After this episode I am starting to think that all Kyle is good at is spending money. In that case, she should spend some money in a good stylist. 

As for Camille, or rather Jesus on the cross, she’s lost her damn mind again. The ugly side her publicist try to cover up after season 1 is still lurking. Being accused of being a snotty, self centered B is not equivalent to being accused of sexual assault!!! It may have been fine to voice her differing opinion in the matter, but tying it back to herself and HER suffering was eye role worthy.


----------



## purseinsanity

tweegy said:


> Right!? I have a 5k bag but I have rats in my kitchen and flies in the food I have for guests... everyone has their priorities... hygiene clearly isn’t one of Rinna’s


What I don't understand is that her house seems kind of gross, but she's OCD about germs in hotels and public places.  Wouldn't someone like that want their house spotless and definitely rodent dropping free??  I know I do!


----------



## pjhm

purseinsanity said:


> What I don't understand is that her house seems kind of gross, but she's OCD about germs in hotels and public places.  Wouldn't someone like that want their house spotless and definitely rodent dropping free??  I know I do!


Yes, with Rinna it’s the dirt you know versus the dirt you don’t know.....


----------



## blkbarbie310

When I saw Rinna place her suitcase on her bed - I about died!

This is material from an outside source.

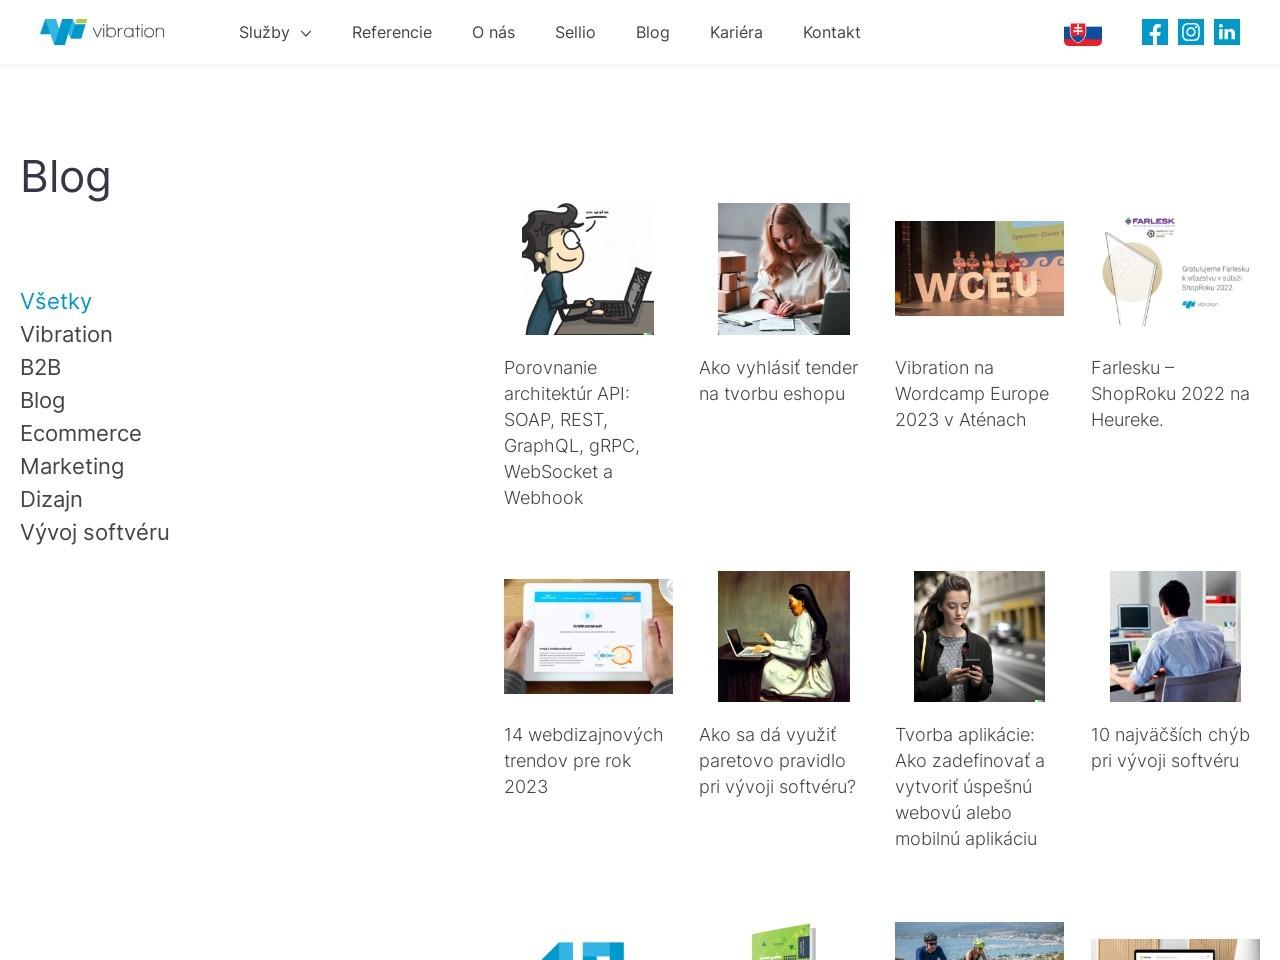 vibration.sk blog
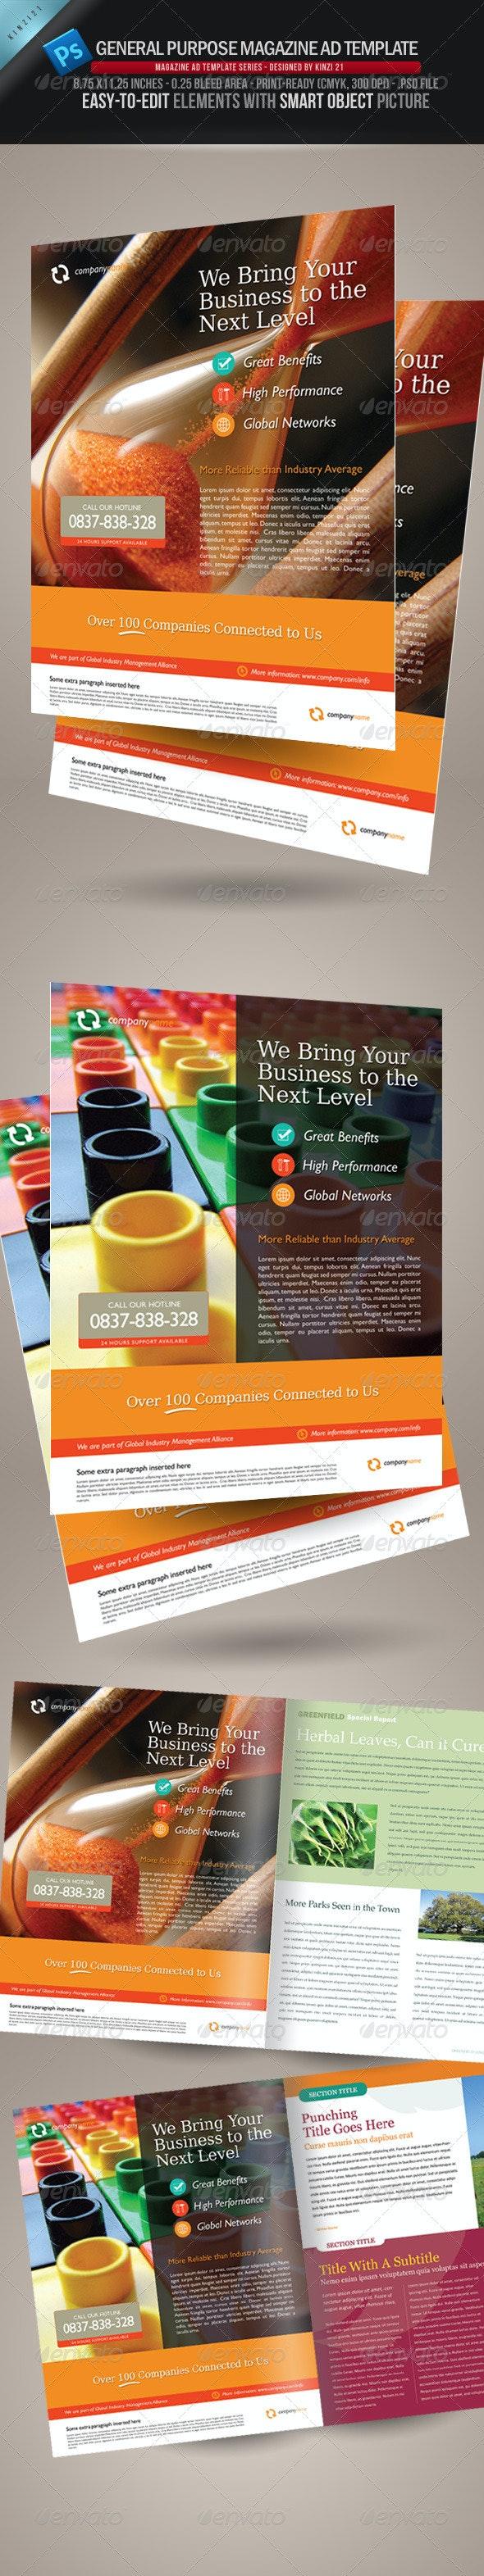 General Purpose Magazine Ad Template - Magazines Print Templates

Yuck.


----------



## simone72

I am surprised Rinna spent all that cash on a Kelly bag she seems kind of thrifty and not up to date fashion wise. Everything she wears seems like off of a sale rack


----------



## Ceeyahd

simone72 said:


> I am surprised Rinna spent all that cash on a Kelly bag she seems kind of thrifty and not up to date fashion wise. Everything she wears seems like off of a sale rack



Perhaps it was a gift or borrowed. Maybe it's Kyle's.


----------



## tweegy

simone72 said:


> I am surprised Rinna spent all that cash on a Kelly bag she seems kind of thrifty and not up to date fashion wise. Everything she wears seems like off of a sale rack



Well she’s rolling with Kyle so she had to up her bag game lol


----------



## tweegy

purseinsanity said:


> What I don't understand is that her house seems kind of gross, but she's OCD about germs in hotels and public places.  Wouldn't someone like that want their house spotless and definitely rodent dropping free??  I know I do!





pjhm said:


> Yes, with Rinna it’s the dirt you know versus the dirt you don’t know.....



Yup was gonna say what John said! With rinna it’s the flies and rats she knows LOL


----------



## StylishMD

purseinsanity said:


> It bothered me no end when she claimed he "went from a Type 2 to a Type 1".  Idiot.


Yes, as a physician I was thinking ‘WTH???’


----------



## Mrs.Z

Catching up.....what on earth is Kyle wearing at this dinner?  The dress has no front? She could lose a boob at any minute.


----------



## chowlover2

What is it with Kyle and the hats this season. Is it to increase her height? No bueno.


----------



## Ceeyahd

chowlover2 said:


> What is it with Kyle and the hats this season. Is it to increase her height? No bueno.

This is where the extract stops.